The season opened with an 86-0 defeat of .

The starting lineup for VPI was: Shuey (left end), Stickling (left tackle), Cunningham (left guard), Johnson (center), Walker (right guard), Lewis (right tackle), Squires (right end), Harris (quarterback), Treadwell (left halfback), Connor (right halfback), Harlan (fullback). The substitutes were: Adams, Branch, Cahill, Diffendal, Furstein, Grant, Hanvey, Hildebrand, Noland, Rogers, Sanfort, Stiles and Varner.

The starting lineup for Roanoke was: Moss (left end), Shannon (left tackle), Link (left guard), Obenshain (center), Engleby (right guard), Cale (right tackle), Kelley (right end), Darnall (quarterback), F. H. Hansbarger (left halfback), Steele (right halfback), Groves (fullback). The substitutes were: W. H. Cline.

| Team | 1 | 2 | Total |
|---|---|---|---|
| Roanoke | 0 | 0 | 0 |
| • VPI | 52 | 34 | 86 |

===Cumberland===

After their victory over Roanoke, VPI played Cumberland University at Gibboney Field.

The starting lineup for VPI was: Shuey (left end), Willson (left tackle), Cunningham (left guard), Stiles (center), Stickling (right guard), Lewis (right tackle), Squires (right end), Harris (quarterback), Treadwell (left halfback), Hanvey (right halfback), Harlan (fullback).

The starting lineup for Cumberland was: Gill (left end), B. L. Rice (left tackle), Denston (left guard), Red Smith (center), Smith (right guard), D. P. Wimberley (right tackle), Roma G. White (right end), Stewart (quarterback), J .C. Anderson (left halfback), Miller (right halfback), E. L. Minton (fullback).

| Team | 1 | 2 | Total |
|---|---|---|---|
| Cumberland | 0 | 0 | 0 |
| • VPI | 6 | 6 | 12 |

===Army===

The upset of the week was VPI's 16–6 win over Army. Carpenter was the star of the game, and made a kick from placement.

The starting lineup for VPI was: Webber (left end), Willson (left tackle), Diffendal (left guard), Stiles (center), Stickling (right guard), Hines (right tackle), Lewis (right end), Nutter (quarterback), Treadwell (left halfback), Carpenter (right halfback), Harlan (fullback). The substitutes were: Harris and Varner.
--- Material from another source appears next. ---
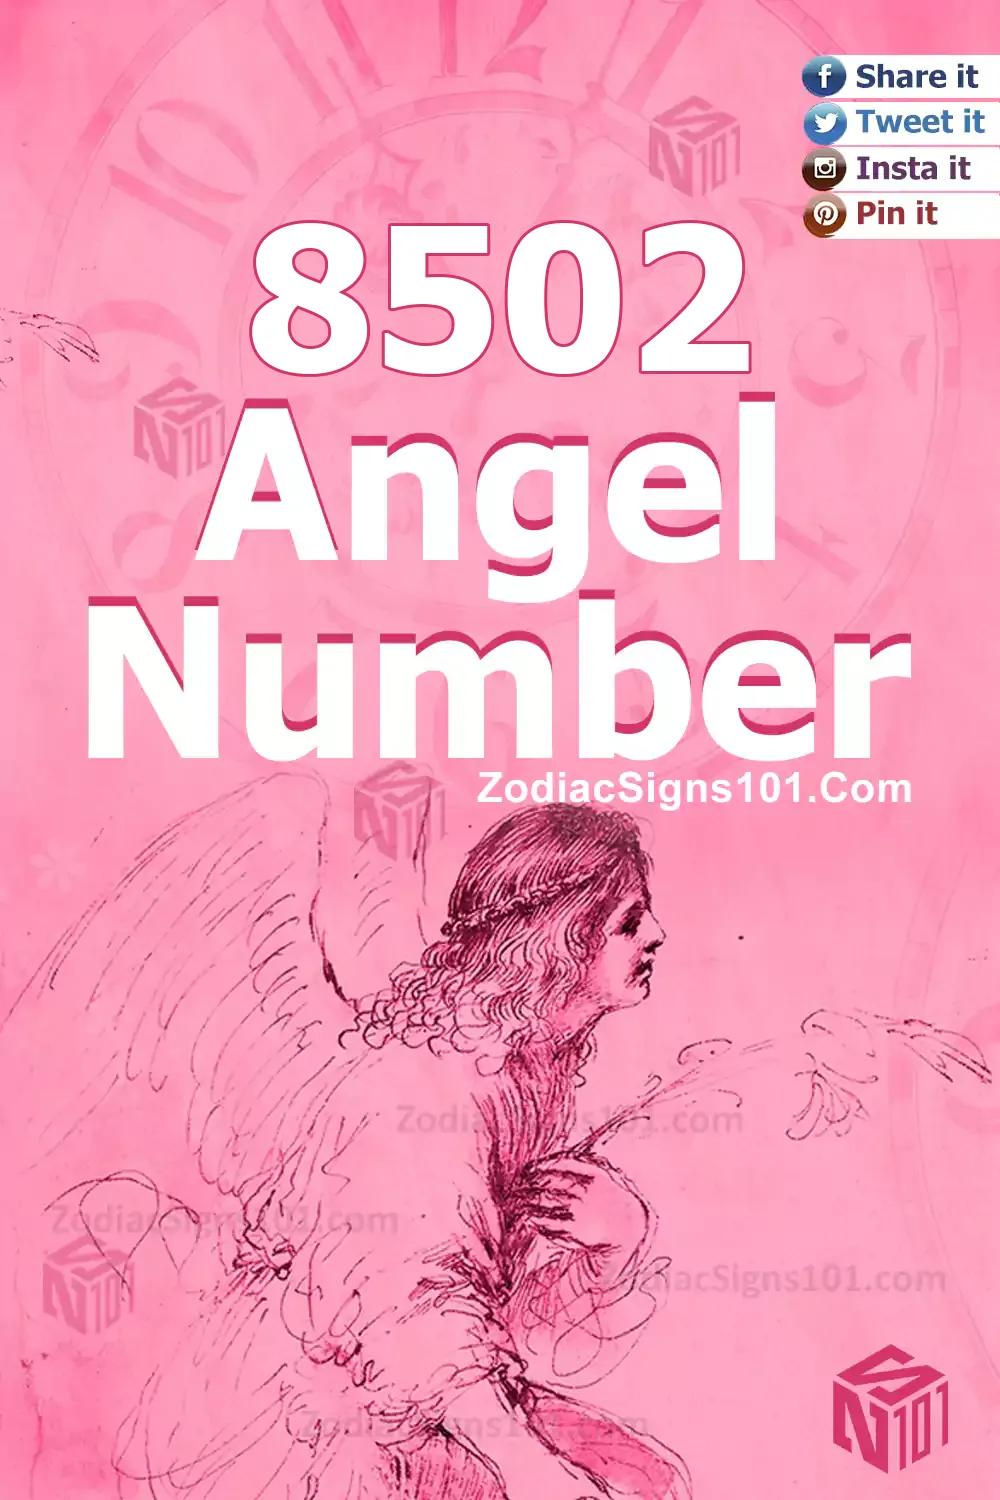 8502 Angel Number Meaning

The starting lineup for Army was: Ellis (left end), Wallace Philoon (left tackle), Moss (left guard), Clyde Abraham (center), William Christy (right guard), Charles Mettler (right tackle), Alexander Garfield Gillespie (right end), Enoch Garey (quarterback), Edwin Greble (left halfback), Hill (right halfback), Henry Torney (fullback). The substitutes were: Martyn Shute.

| Team | 1 | 2 | Total |
|---|---|---|---|
| • VPI | 16 | 0 | 16 |
| Army | 0 | 6 | 6 |

===Gallaudet===

VPI "had no trouble" in beating Gallaudet 56–0.

The starting lineup for VPI was: Webber (left end), Wilson (left tackle), Cunningham (left guard), Stiles (center), Stickling (right guard), Hynes (right tackle), Lewis (right end), Harris (quarterback), Nutter (left halfback), Carpenter (right halfback), Harlan (fullback). The substitutes were: Branch, Cox, Diffendal, Grant, Hanvey, Johnson, Shuey, Squires, Varner and Walker.

The starting lineup for Gallaudet was: Dan Reichard (left end), Sharp (left tackle), Odie Underhill (left guard), Busch (center), John Chandler (right guard), Frank Mikesell (right tackle), Russell (right end), Arthur Hinch (quarterback), Frank Horton (left halfback), Majure (right halfback), John McCandless (fullback). The substitutes were: Philip Caldwell, Early Elder, Chester Erwin and Alvin Kutzleb.

| Team | 1 | 2 | Total |
|---|---|---|---|
| Gallaudet | 0 | 0 | 0 |
| • VPI | 41 | 15 | 56 |

===North Carolina===

VPI defeated North Carolina 35–6. Carpenter made "several sensational runs." During the second half VPI "scored almost at will."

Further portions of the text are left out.